High Rates Mean More Bankruptcies

09 Mar

High Rates Mean More Bankruptcies

Think of this as a bank shot.  You hit the cue ball into another ball that bounces off the rail and goes into the pocket.  

Fed interest rate policy will drive an increase in bankruptcies, corporate and personal.  But banking off the rail, its subsequent effect is that it will drive people to gold.  

Let us explain.

Led by US monetary policy and the money manipulators at the Federal Reserve, the entire world became dependent on artificially low-interest rates.  But the era of interest rate suppression is over – at least for now. 

Chairman Jerome Powell was explicit in congressional testimony this past week that the Fed would drive interest rates higher than expected in its battle against inflation.  “We will stay the course until the job is done,” he said.  But the higher interest rates have their own knock-on effect:  

Bankruptcies!

Last month ZeroHedge reported on a January spike in large corporate bankruptcies (defined as those with $50 million or more in liabilities): “In the first month of the year, the number of US bankruptcies topped 20, the highest in any other January dating back to 2010,” it said.

Unfortunately, January wasn’t a one-off, says ZeroHedge.  “According to Bloomberg data, one month later – as of the end of February – no less than 39 large companies had filed for bankruptcy in the US so far this year, as February’s pace matches that of January; the YTD total represents the fastest pace of companies filing for bankruptcy since the immediate aftermath of the global financial crisis in 2009.”

That’s not all.  The number of Americans filing Chapters 7, 11, and 13 bankruptcies in January rocketed up 20 percent from a year earlier.  Along that line, we are republishing a chart from last week about rising credit card delinquencies.

At some point, troubles become apparent among banks themselves.  Most recently, Silvergate, a federally insured bank deep into banking Sam Bankman-Fried’s crypto enterprises, has filed a notice of doubts about its “ability to continue as a going concern.” 

Credit Suisse, the global investment bank headquartered in Switzerland, is also a train wreck.

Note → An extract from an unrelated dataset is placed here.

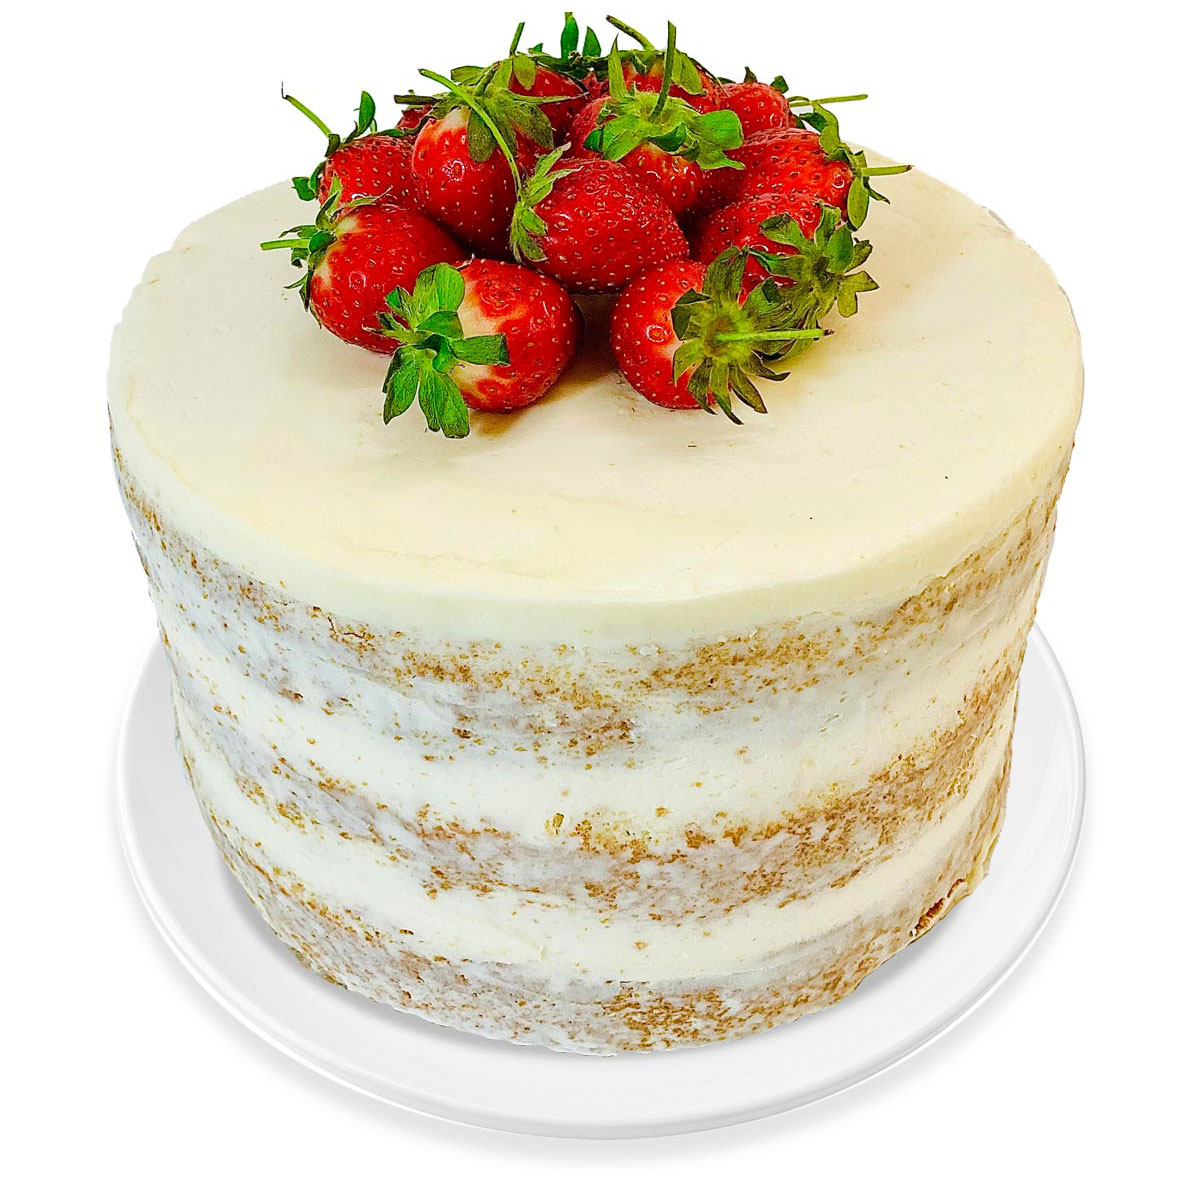 Strawberry Cake - Wikipedia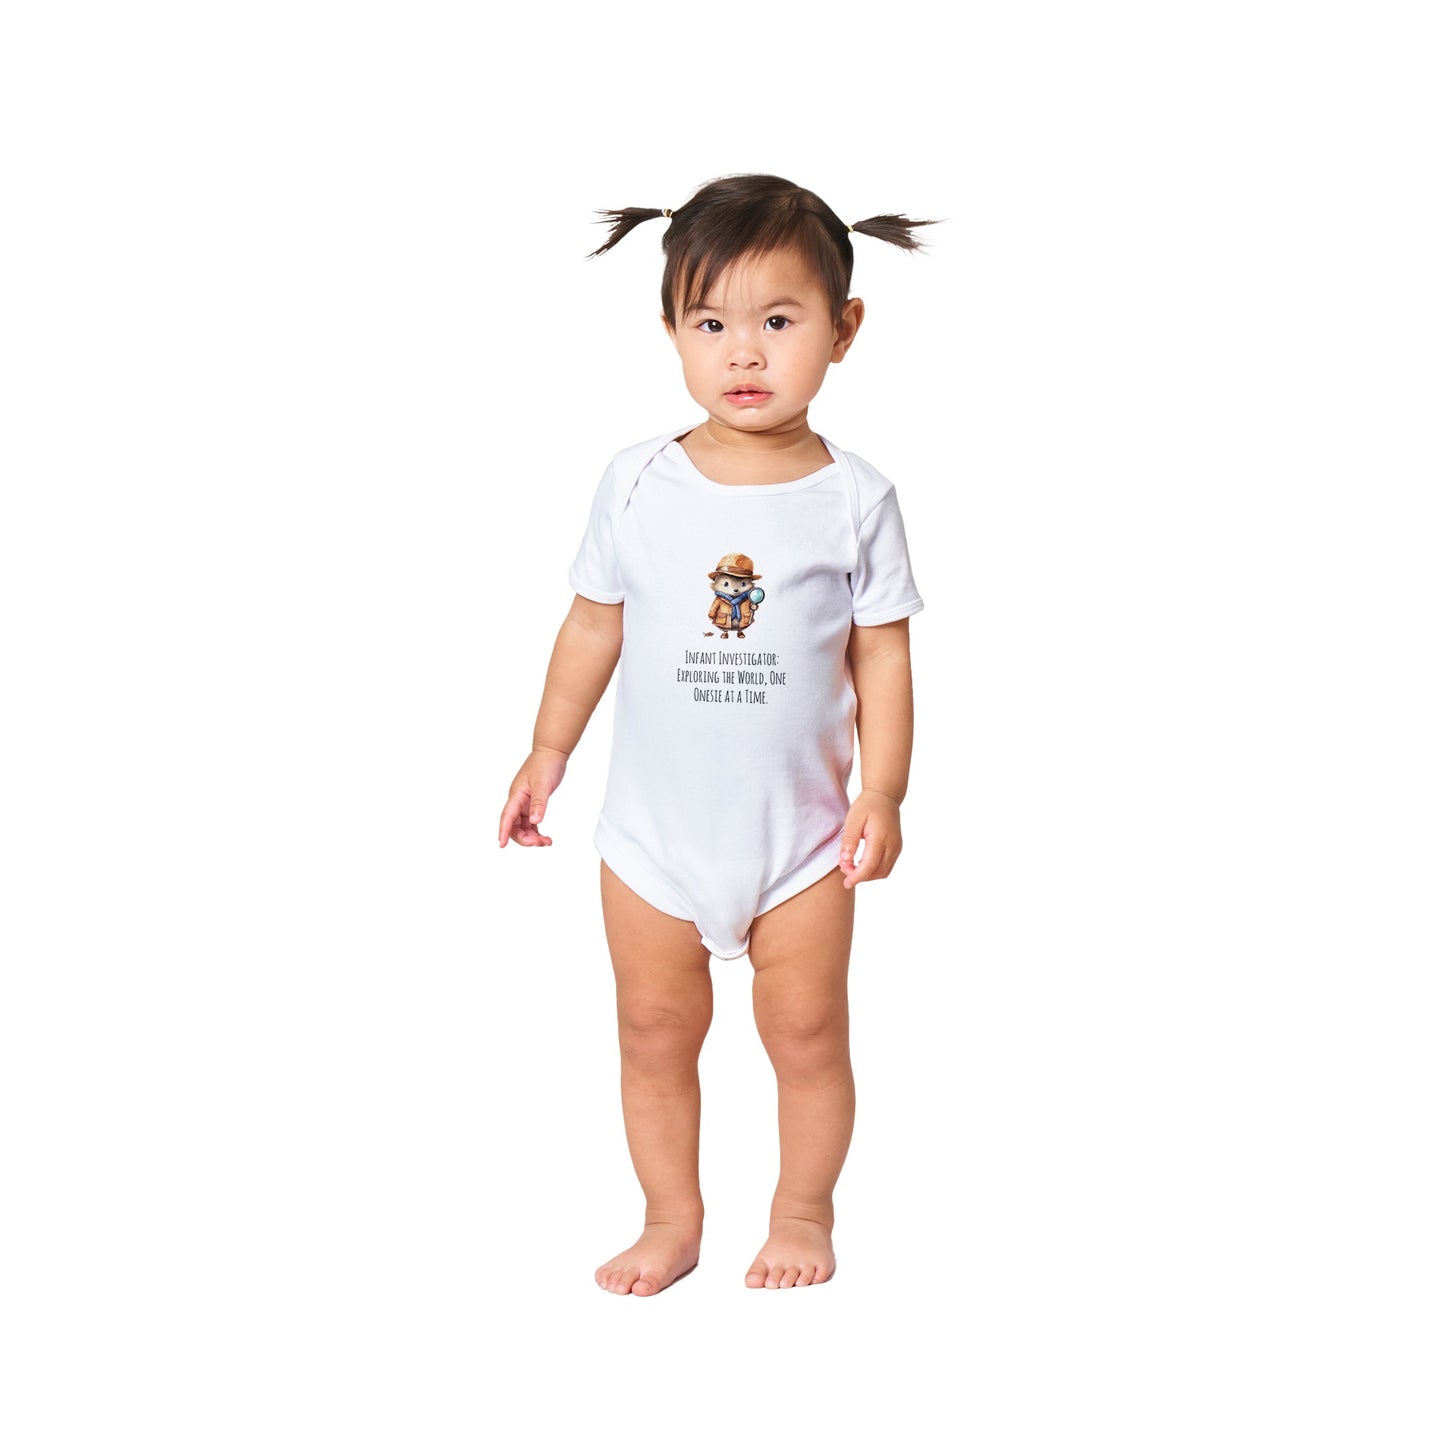 Classic Baby Short Sleeve Bodysuit - Infant Investigator: Exploring The World

Some major banks are setting aside reserves for the rocky road ahead, but higher rates are like termites eating away at the entire industry.  We presume many financial institutions have mismatched portfolios (since they almost always do), which means they have borrowed short-term money but have made long-term loans.  Now they must pay higher rates in the next round of borrowing that we’re not part of their plan. 

When these problems begin to cascade, to spill over from one bank to another, our troubles really begin.  Things quickly get out of control.  A rising number of bankruptcies and consumer debt delinquencies are a sign that that day is getting closer.  

You will be very glad that you own gold and silver on that day.